We have learned several other methods for estimating the CATE. Please implement one of them (other than the X-learner and DR-learner) to estimate the CATE of promotion_flag on booking_bool (a binary outcome). Keep in mind that the goal of this question is to understand what are the important variables that affect the decision of whether to provide the promotion or not. Complete the following:

You should use almost the same set of data you used in the previous question. Do not include the outcome variable gross_bookings_usd or click_bool in your analysis. If you choose to do some additional data preprocessing, please provide justifications for your choices.
Implement the method you chose to estimate the CATE. You should provide a brief description of the method and how you choose the tuning parameters (if any).

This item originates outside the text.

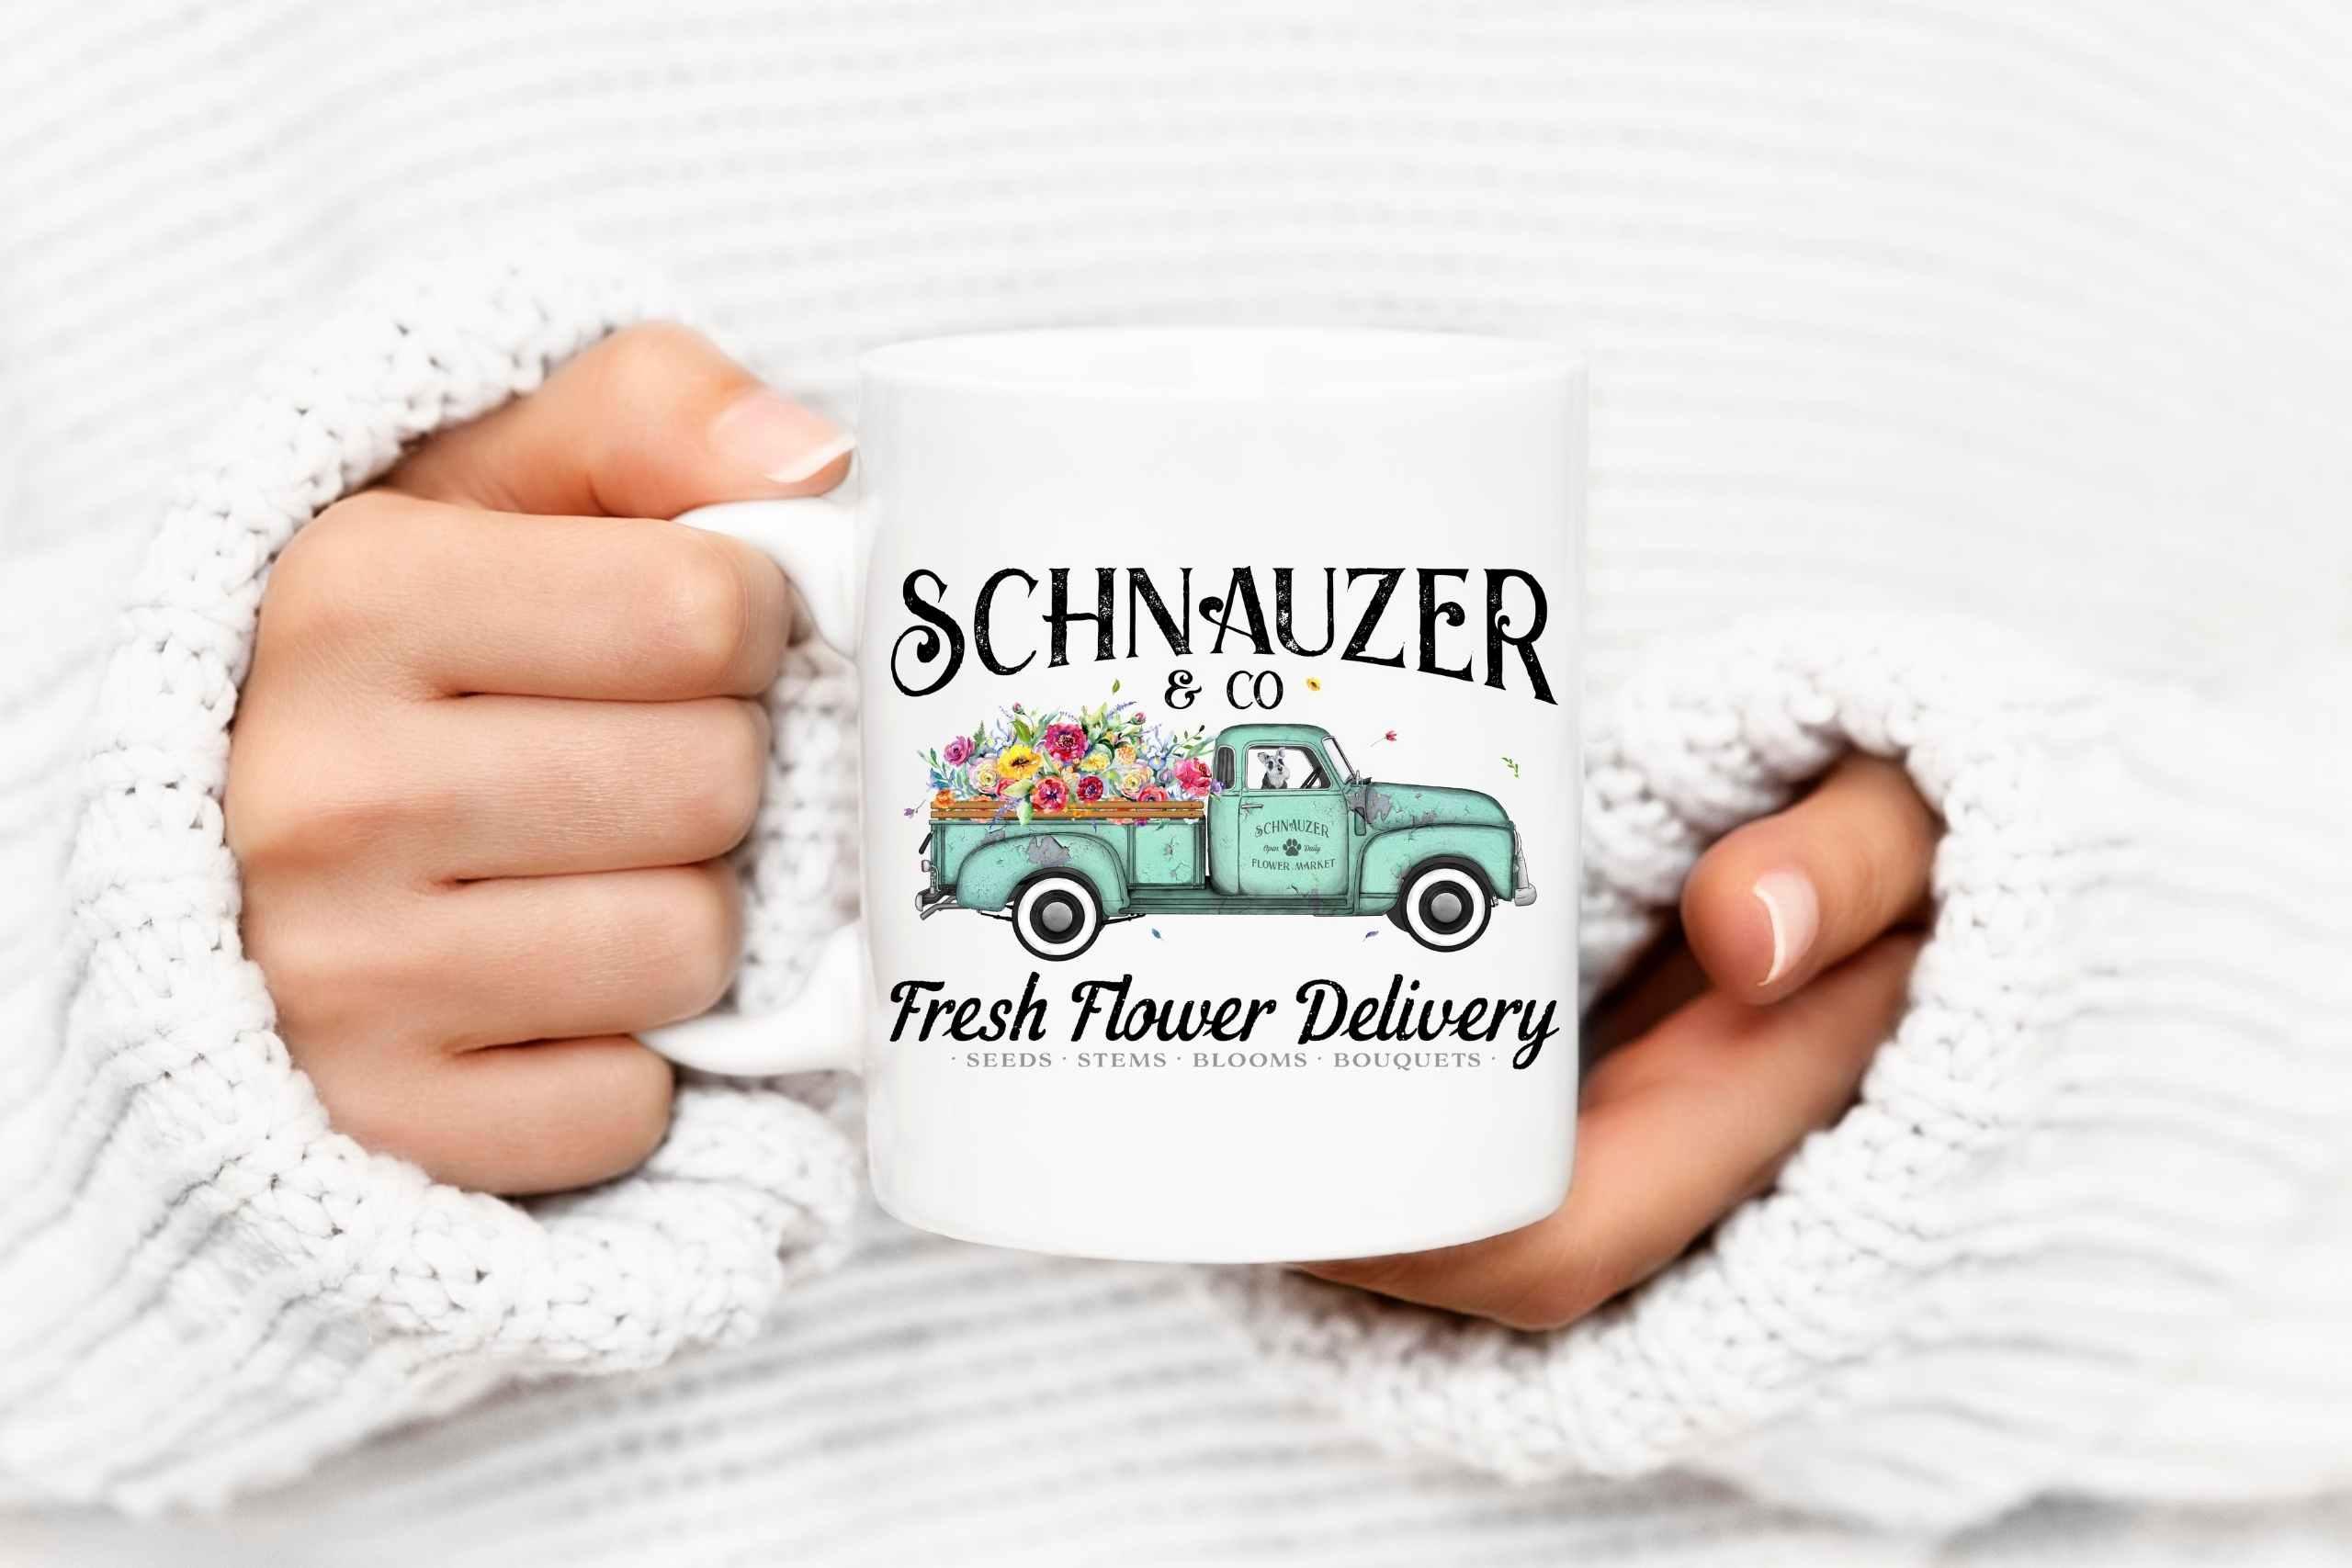 flower_deliver_schnauzer_mug

Now, we will utilize the testing data. Keep in mind that the testing data also only contain the results for one treatment arm (either promotion or no promotion). Hence, we cannot directly evaluate the effect of treatment on each of the testing sample. However, if we can estimate the outcome models (make a good choice) on the testing data, we may still evaluate the performance of our CATE estimates indirectly. Carry out this idea (provide a clear description of your implementation) to evaluate if your estimated CATE matches the estimated CATE on the testing data. Provide figures or tables to summarize and discuss your analysis results.

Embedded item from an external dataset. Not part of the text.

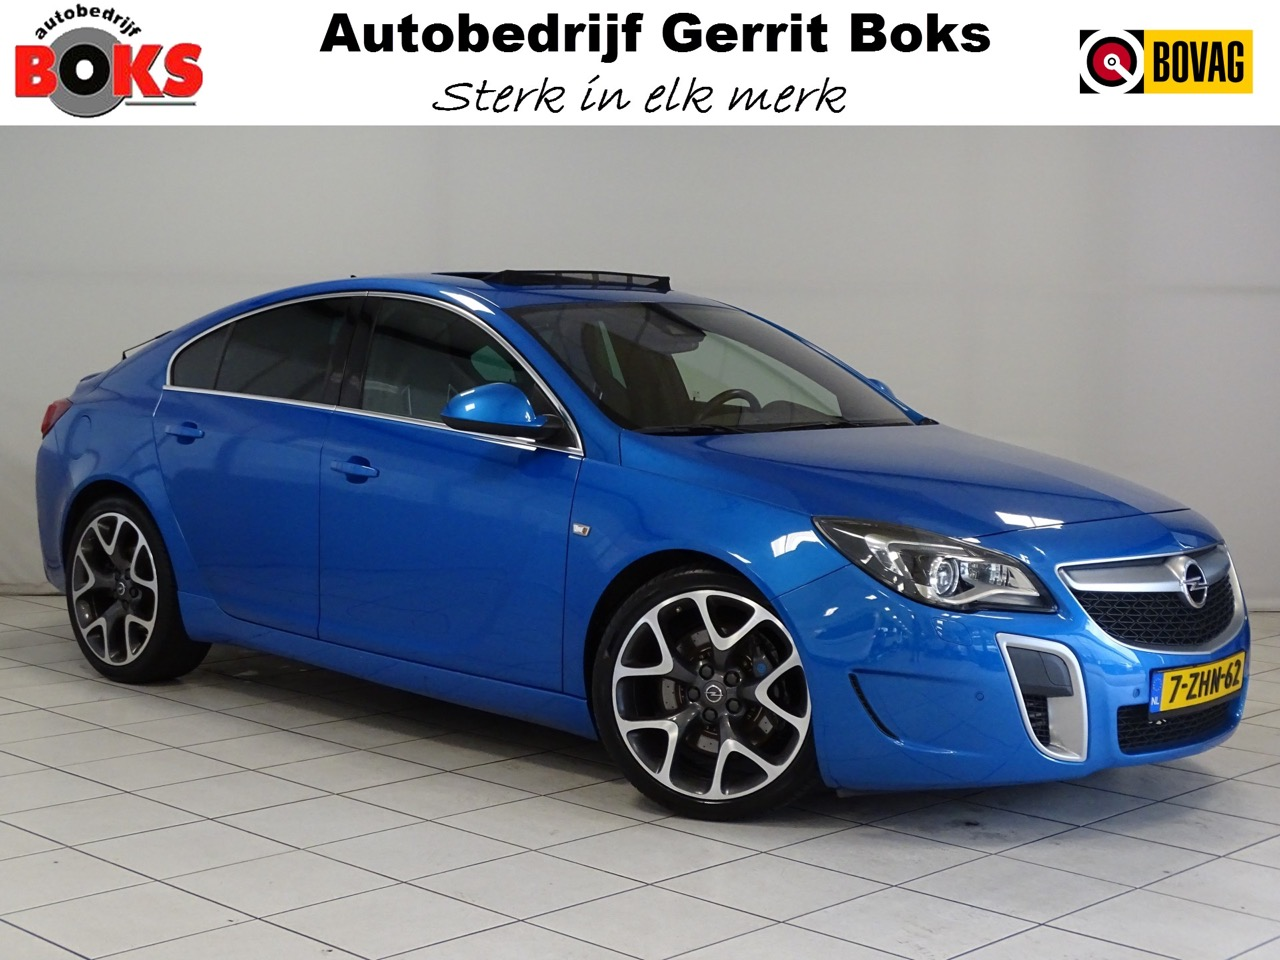 Opel-Insignia-OPC-Ali-B-occasion-01.jpg

A researcher is wondering what are the important variables that affect the decision making and based on your analysis, would you recommend Expedia to offer promotions universally or selectively? To answer this question, please provide some additional investigation to see what type of hotels (a potential subset, if exist) would likely to benefit most from the promotion. Again, how could you validate your findings using the testing data? Please provide figures or tables to summarize and discuss your results.